On February 9, 2024, Motion Twin announced it would stop creating new content for Dead Cells, and Evil Empire would be moving on to new projects. In April 2024, it was revealed that Evil Empire's next game is The Rogue Prince of Persia. It released into Early Access in May.

==Games==

- Poulpi (2001)
- Frutiparc (2004)
- Dinoparc (2005)
- Socratomancie (2005)
- Hammerfest (2006)
- Pioupiouz (2006)
- Miniville (2007)
- AlphaBounce (2007)
- CafeJeux (2007)
- DinoRPG (2007)
- Hordes / Die2Nite (2008)
- SkyWar (2009)
- Intrusion (2009)
- Kingdom (2009)
- My Brute (2009)
- Fever (2010)
- Kube (2010)
- Snake (2010)
- Naturalchimie 2 (2010)
- CroqueMotel (2011)
- Odyssey (2011)
- La Bourinette (2011)
- Mush (2012)
- Galaxy55 (2012)
- Teacher Story (2013)
- Uppercup Football (2014)
- Rockfaller Journey (2015)
- Monster Hotel (2015)
- Dead Cells (2018)
- Windblown (TBA)

Following the success of Dead Cells, Motion Twin abandoned its web-based offerings. With the end of Adobe Flash Player support on January 1, 2021, those games would be rendered unplayable. In order to keep the games online, a group of hobbyist set up Eternal-Twin (with Motion Twin's consent), which aims to re-create as many games as possible without using Adobe Flash Player. Thus, those who still want to play after Flash Player's end of life will be able to do so.
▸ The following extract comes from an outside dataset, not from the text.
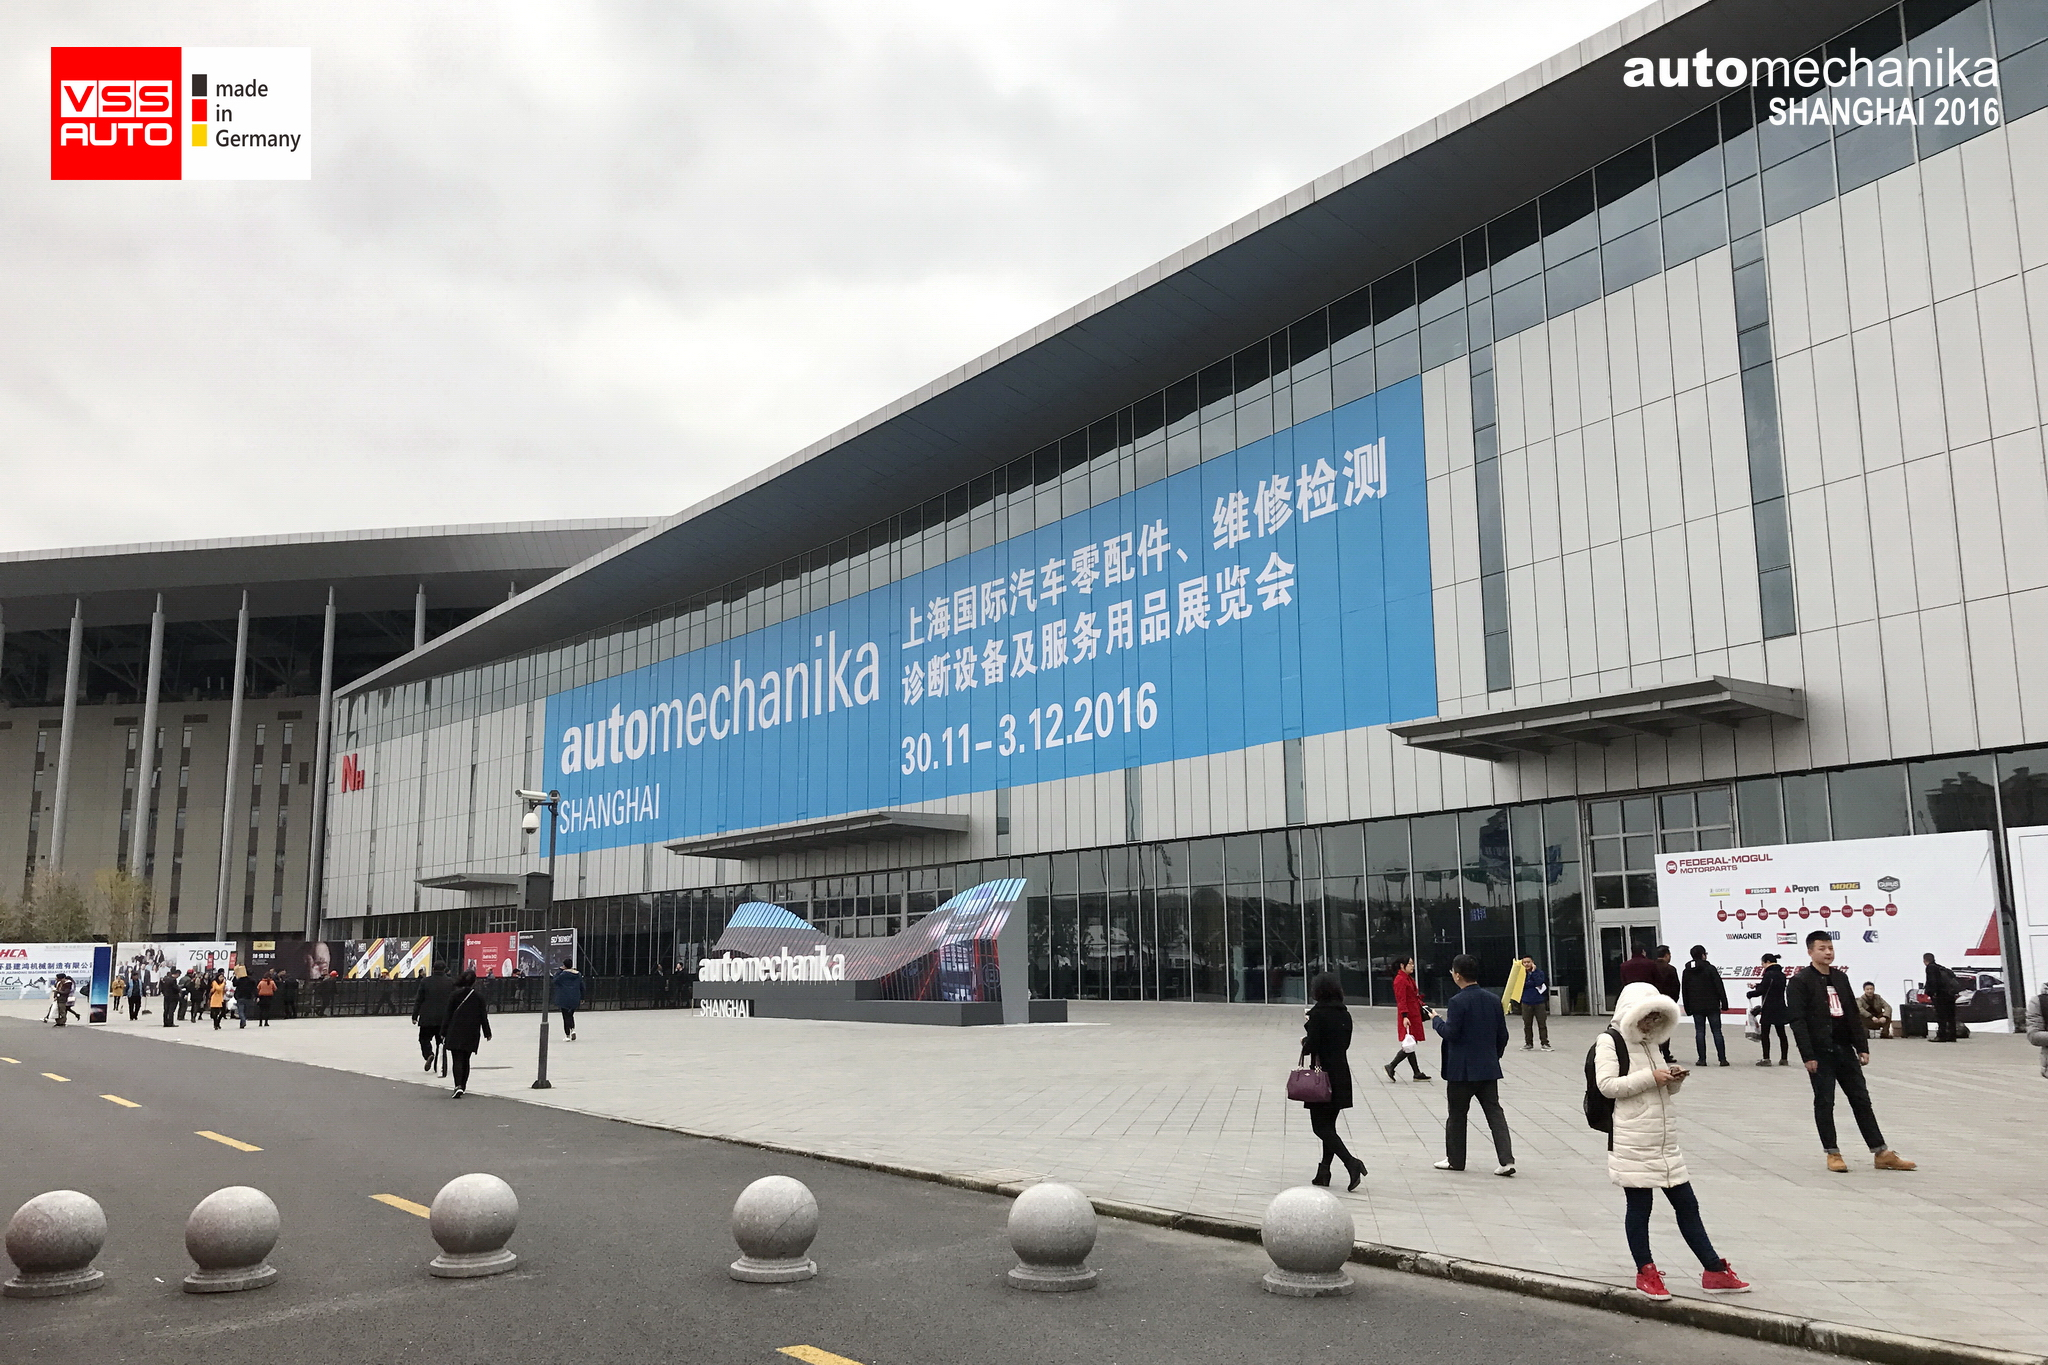 vss-auto-automechanika-shanghai-1

Motion Twin has also made the source code for many of its game available to the public under a creative commons license.

==Studios founded by former employees==
- Nicolas Cannasse co-founded Shiro Games in 2012.
- Sébastien Benard founded Deepnight Games in 2020. (see Nuclear Blaze)
- Benjamin Soulé co-founded PUNKCAKE Délicieux in 2021. (see Shotgun King: The Final Checkmate)

==Software products==
Nicolas Cannasse, a former developer at Motion Twin, has been responsible for the creation of freeware and open source compilers and multimedia technologies, many of which build on the Adobe Flash platform.

His published products include:
- MTASC - fast ActionScript 2 compiler
- Haxe - multi-platform language similar to ActionScript 3
- NekoVM - VM-based runtime and language

===Programming and development===
The company, although known to the public for its browser games in flash, is at the origin of various tools and programming languages which it uses for its own developments, and which it makes available under a free license. Under the impetus of one of its co-founders, Nicolas Canasse, the Bordeaux company is, for example, at the origin of the MTASC compiler, or Motion Twin ActionScript 2 Compiler, the first free ActionScript 2.0 compilers.

Haxe, a technology considered to be the successor to the MTASC compiler, also invented and developed by Motion Twin, is a cross-platform language that makes it possible, from a single standardized language, to compile the same source file by targeting different platforms such as JavaScript, Flash, NekoVM, PHP or C++. The language is the subject of the book Professional Haxe and Neko, by Franco Ponticelli and L. McColl-Sylveste, published in 2008 by John Wiley & Sons.

Motion Twin has also developed its own virtual machine, called Neko. Neko is both a high-level, dynamically typed programming language whose source files, once compiled, can be run on the NekoVM virtual machine. The company is also the initiator of various libraries for the OCaml and PHP programming languages, such as the SPOD library, which allows persistence within a PHP environment.